The volume of data managed by database servers grew rapidly. Initially, most database applications had two tiers: the database and the client, which contained both business logic and the user interface. The high license prices for relational databases became a limiting factor for client-server computing in the early 90s. One way to keep license costs at bay was to separate business logic into distinct servers. Business logic moved out of the database and into its own tier — the application server.
Database servers initially did not provide built-in, fine-grained, per-row or per-column permissions management. When that was added in 1999 by Oracle, or later by Microsoft with the release of SQL Server 2016, the ship had mostly sailed. Permissions and business logic had already been separated from the database and were now managed in the application tier.
Development shifted from “database first” to “code first.” Any change in the data model was defined in code. This caused friction and silos, as applications were written in different languages like Java or C#. The information about data structures became buried in multiple codebases, written in different languages.
PostgreSQL was initially released in 1997. Unlike MySQL, it has a permissive license, so it imposes no real license constraints. With the introduction of logical replication in version 10 in 2017, its march to dominance in the enterprise space became unstoppable.
In 2025, your data is either isolated in a multitude of SaaS solutions and accessible only through non-standardized APIs, or trapped in internal data silos hidden behind paradigms like object-relational mappers (ORMs).
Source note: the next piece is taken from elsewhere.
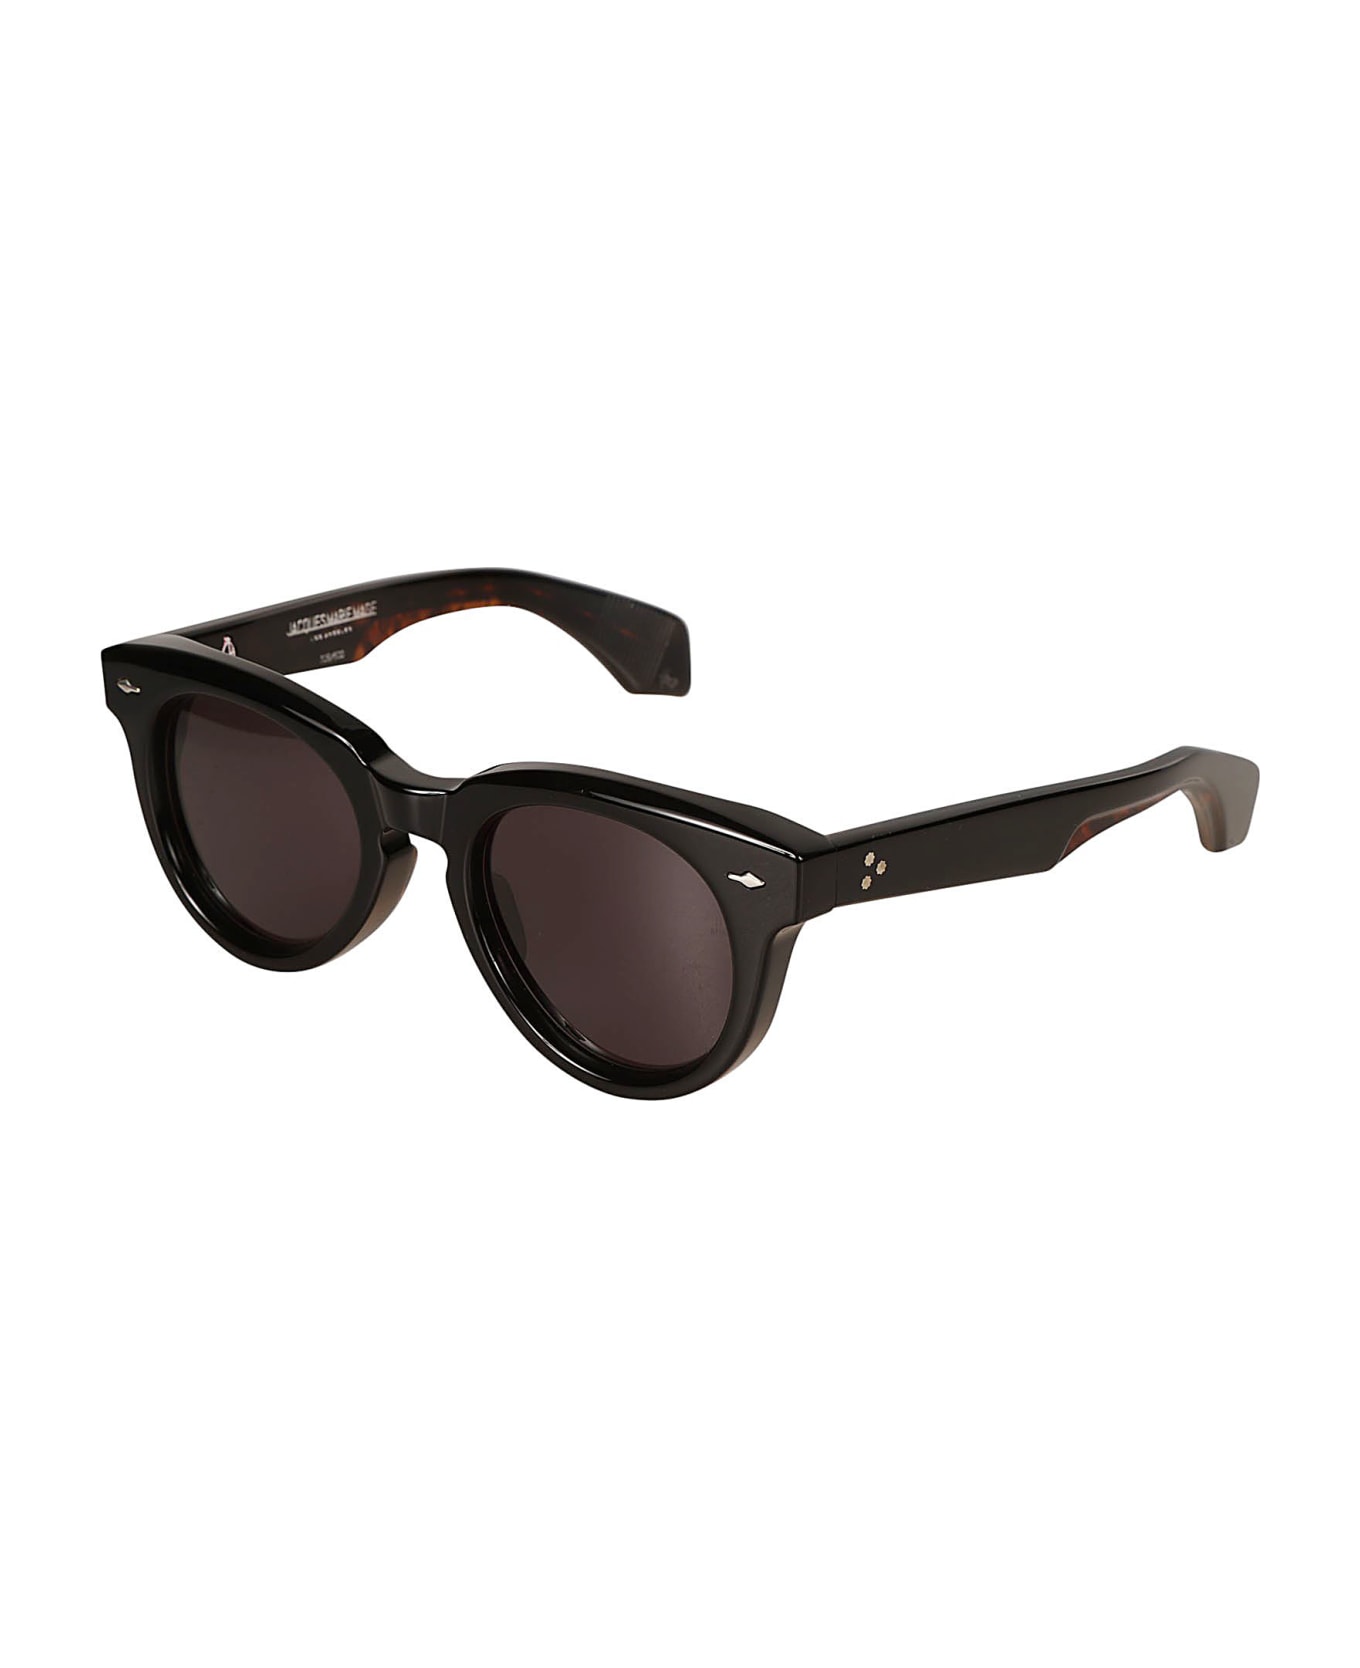 Jacques Marie Mage Fontaine Sunglasses Sunglasses - Black

Large multinational organizations and internet companies must manage staggering volumes of data requiring technologies like data warehouses or data lakes. Yet most organizations have data volumes that could easily be handled by a single PostgreSQL instance.
I believe it’s time to revive and perfect the lost art of database first:
- Keep all data in a central database.
- Enforce consistency with business rules in the database.
- Manage access control centrally.
- Provide one API to access all data.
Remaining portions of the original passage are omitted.